I remember her every word and every intonation. I will not repeat what she said, though it will always echo in my daydreams. The broad sense of it was that she was offering me everything...All would fear us and love us and no one could ever touch us.
-Zachary Mason (The Lost Books of the Odyssey)
I've had a bad week. Perhaps even a wretched one. While I try to be a person who believes that the glass is half full, rather than empty, I can't help but feel that the meeting I had this past week with my dissertation adviser has led to many questions--about my project, about the future and about what role I see myself playing in this field. I certainly don't believe that any one person has to follow any particular life path (that would be too simplistic and not allow for the unexpected things that inevitably pop up), but it's always hard to think of yourself as potentially going off into the Great Unknown and forging a new road. Mind you, as of this moment and year, these are just thoughts. And not even thoughts that arose in the aftermath of an unpleasant meeting; when your career choice involves the (supposedly dying) humanities, it's always a good idea to be realistic, to think about the roads that haven't been traveled and that you might want to go down in the distant future.

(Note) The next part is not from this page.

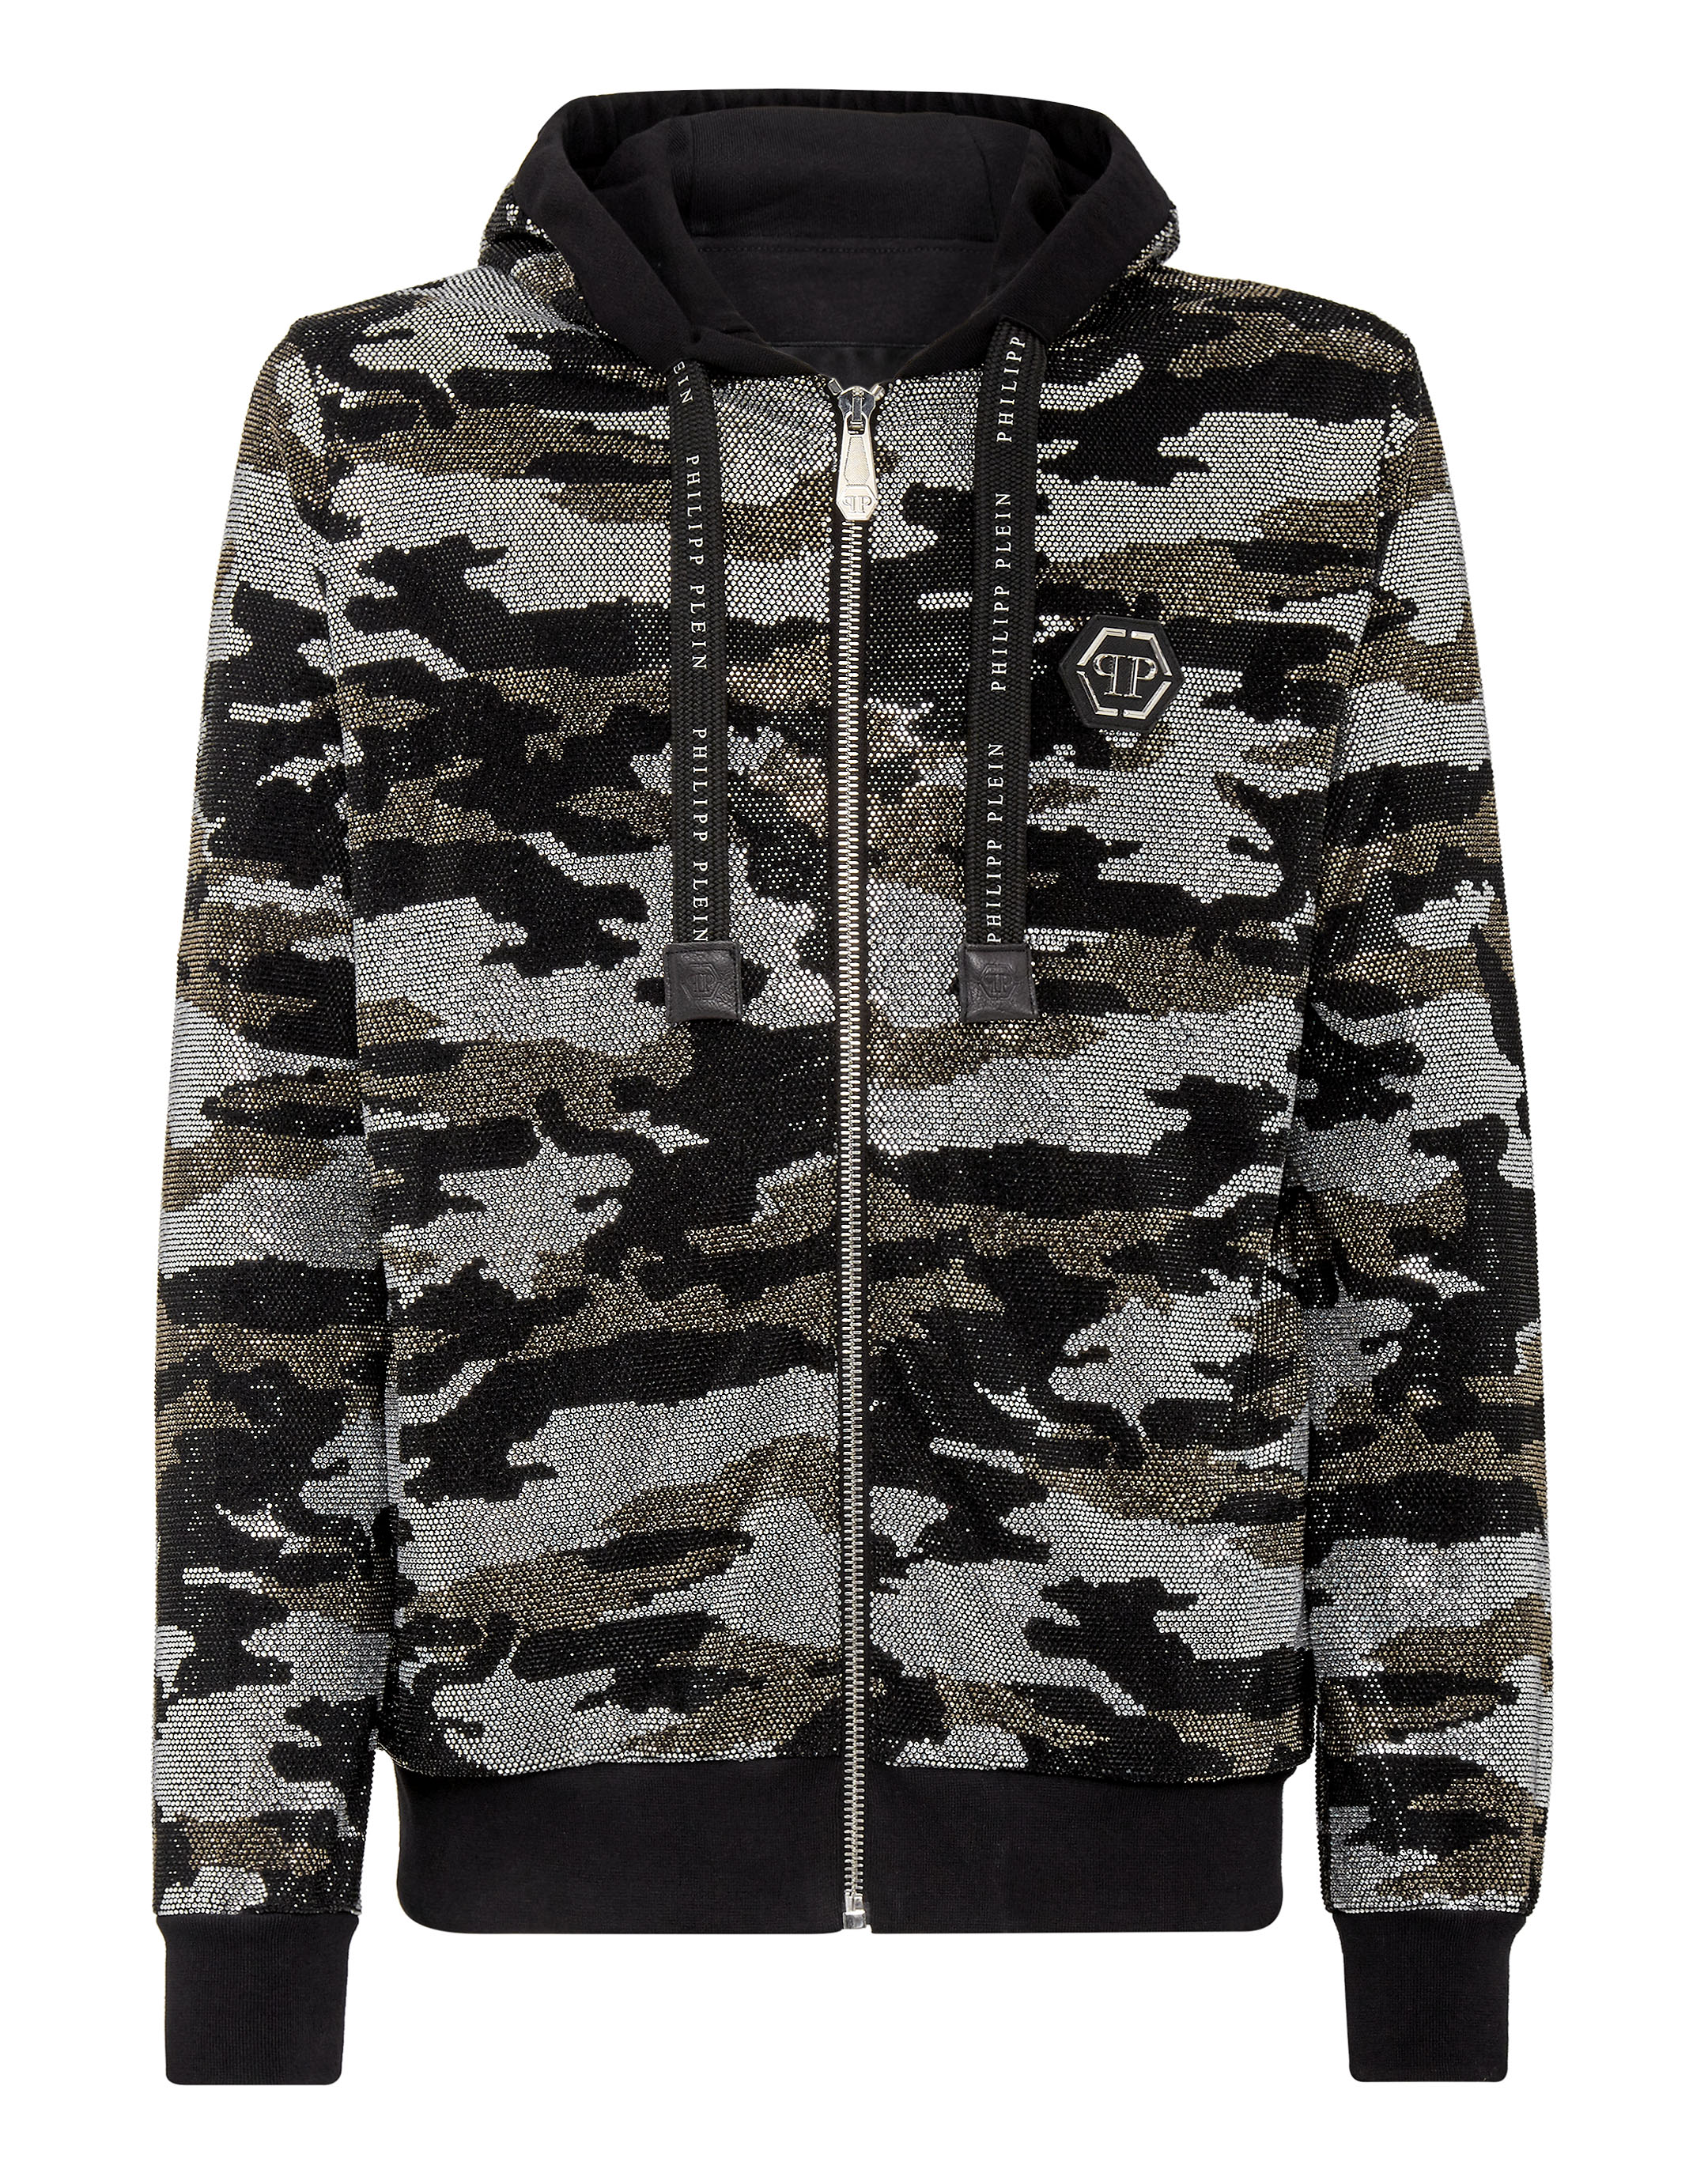 Hoodie Sweatjacket Camouflage | Philipp Plein Outlet

But what does this have to do with green beans? Both everything and nothing. You see, this past Tuesday--the day before the meeting--I went home exhausted after a very full day, but was nonetheless determined to make a recipe from The Essential New York Times Cookbook. Although the book is, in general, a treasure trove of fascinating recipes, I decided to start with Heirloom Pea Pancakes (or a slightly modified version of them). And mainly because both peas and pancakes are two of my favorite things. To make things easier for myself (or so I thought) I had bought sugar snap peas in advance; all I needed to do on Tuesday evening was shell them, puree them and turn them into pancake batter. It all seemed reasonable until I opened the bag of what I thought were sugar snap peas and discovered that I had mistakenly bought green beans instead (how one confuses green peas and sugar snap peas, I don't know. I assume my head was in the clouds, or was already moving onto the search for the perfect cherry tomatoes...).
Although I would never say that I dislike green beans (I actually like them a lot), my disappointment was acute. I was not in the mood for green beans, nor did I know what to do with them. Should I turn them into my old faithful green bean salad, or should I find something new to make in the Essential Book? Feeling adventurous, I went with the latter option. I was most intrigued by the sound of Green Beans with Coriander-Coconut Crust (now on my must make list), but, to my great misfortune, I didn't have fresh coconut laying around my apartment. Clearly, it was "Wrong Ingredients 2, Poor Hungry Girl 0." But then I saw something that looked almost too easy and that couldn't fail: Rachel's Green Beans with Dill; in short, a combination of butter, blanched green beans, sea salt, pepper and dill. I could make that; I had everything on hand. The Poor Hungry Girl had finally won a point(!); she even got another after having decided to personalize the recipe by adding half a cup of crumbled feta and lemon juice to the mix (if you can't have pancakes, you might as well have cheese).
If you're still unsure about how academics and green beans go together, the point is that sometimes you don't get what you want (yes, Mick Jagger strikes again). While you can sulk and lament disappointing meetings or missing recipe ingredients, you've also got to work with what you have; as a friend of mine suggested, "go on the offensive and hopefully come back swinging." A lot of the time, by being proactive, what initially seems disappointing can turn into something wonderful; you just have to choose to be ok with the unexpected, to make it work for you. Trust me. And if you don't, make these green beans and you'll instantly understand.
Rachel's Green Beans with Dill
Yields 4 servings of flavorful and crunchy beans
Adapted from The Essential New York Times Cookbook
4 large handfuls green beans, trimmed
2 Tbsp. unsalted butter
2-3 Tbsp. chopped dill (or 1 to 1/2 Tbsp. dill weed)
1/2 cup crumbled Feta cheese
-Fill a pot with water, season with salt and bring to a boil.
-Plunge the beans into the water and cook for 3-4 minutes, or until tender. You want the beans to be firm, not droopy.
-Drain, then return the beans to the pot.
-Add the butter, stir in the dill and then the feta, lemon juice and season with pepper.
-Toss the beans over low heat until the butter is melted.
-Taste and adjust the seasoning--it may take a little extra dill and salt to reach the perfect flavor combination.